§ **ASSIGNMENT**: Each line of the material must be repeated precisely, with the pictures left out.

--- MATERIAL PROVIDED Enclosed Below ---

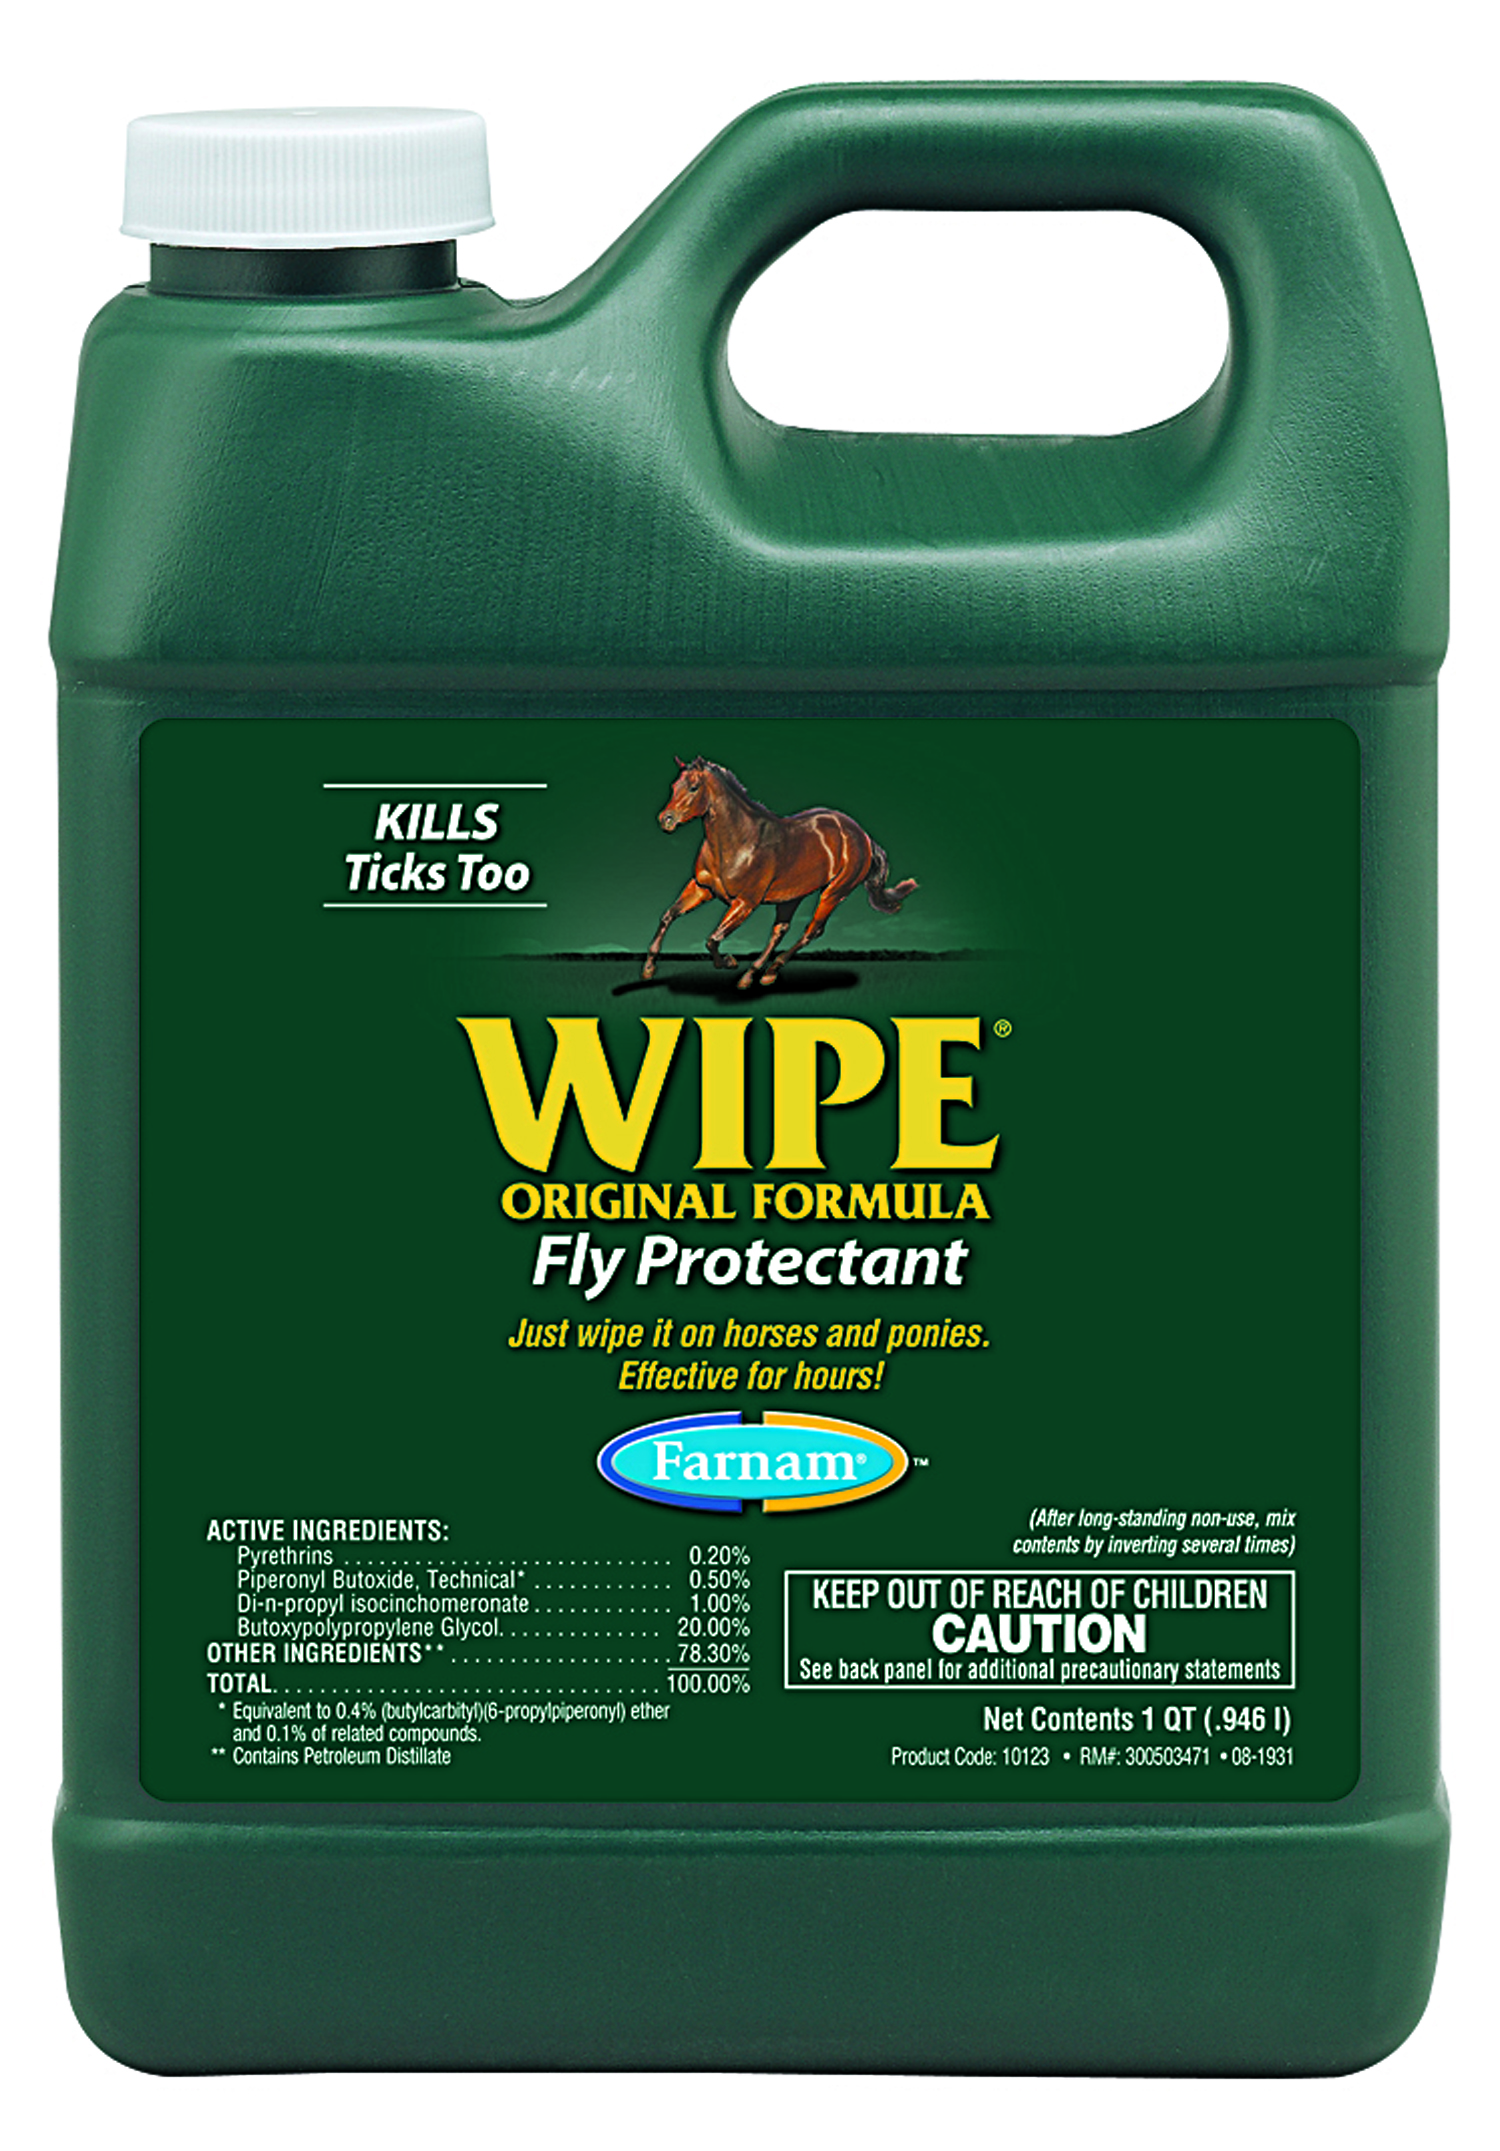 WIPE FLY PROTECTANT ORIGINAL
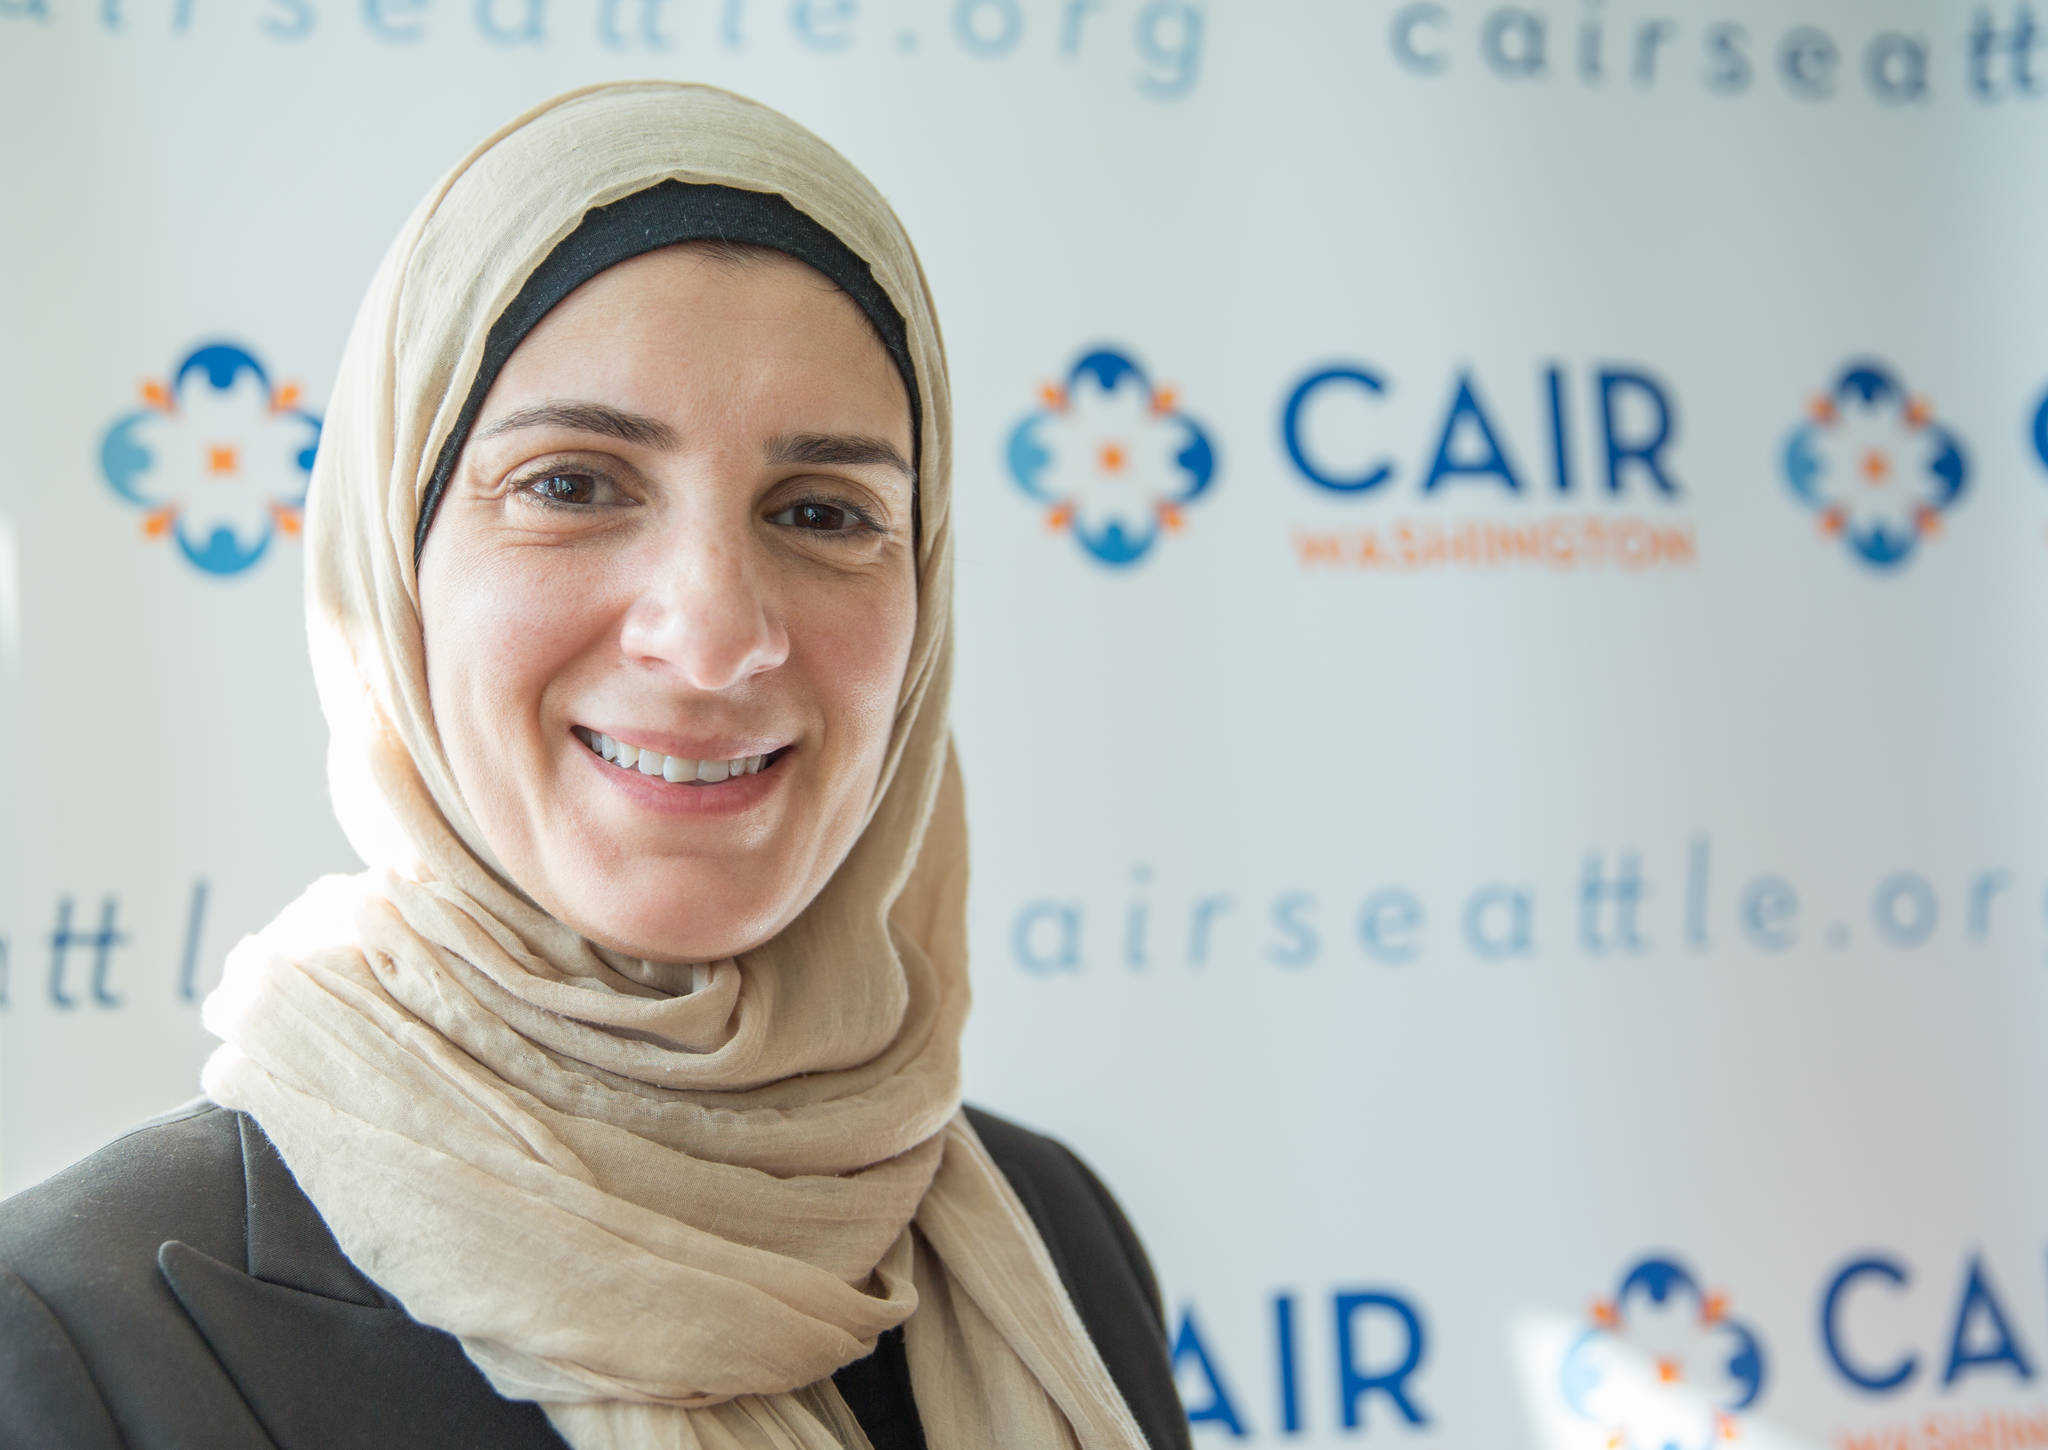 Jasmin Samy, Civil Rights Manager with CAIR-WA. Photo by Alex Garland
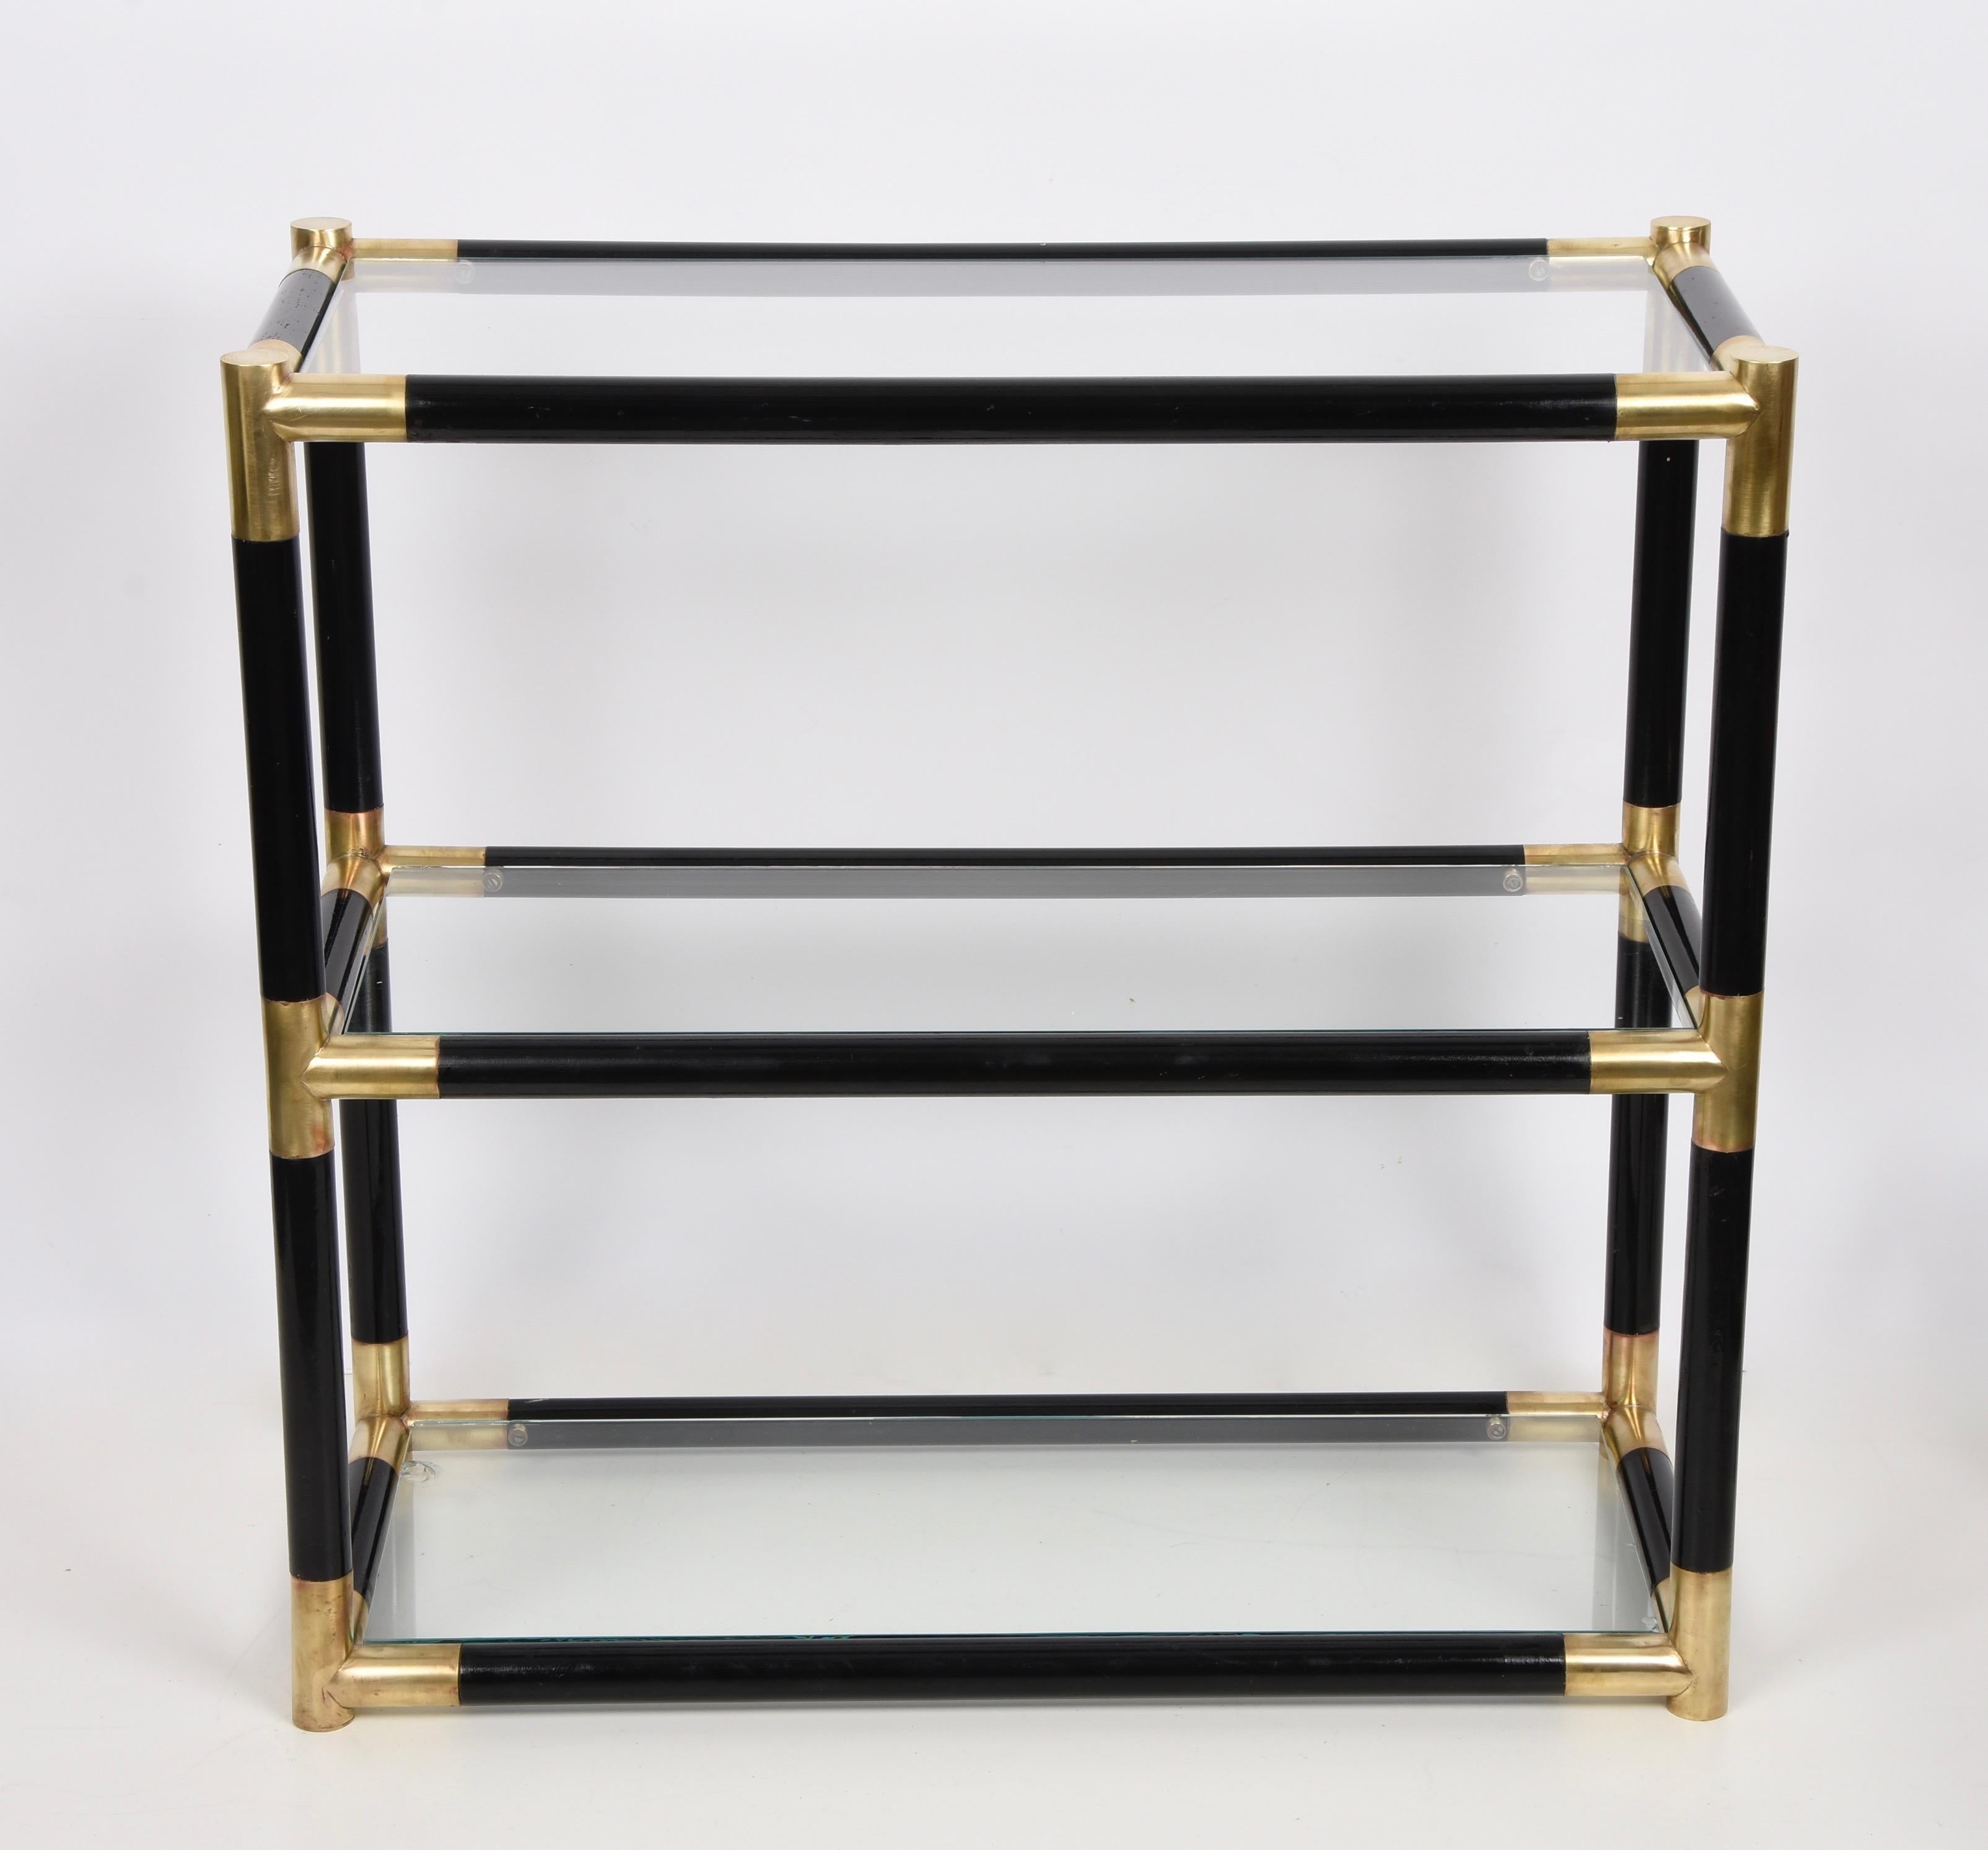 20th Century Midcentury Bamboo and Brass Italian Bookcase with Three Crystal Shelves, 1970s

--- End of Enclosed MATERIAL PROVIDED ---

§ **EXERCISE SOLUTION**:
 WIPE FLY PROTECTANT ORIGINAL
 Jasmin Samy, Civil Rights Manager with CAIR-WA. Photo by Alex Garland
 20th Century Midcentury Bamboo and Brass Italian Bookcase with Three Crystal Shelves, 1970s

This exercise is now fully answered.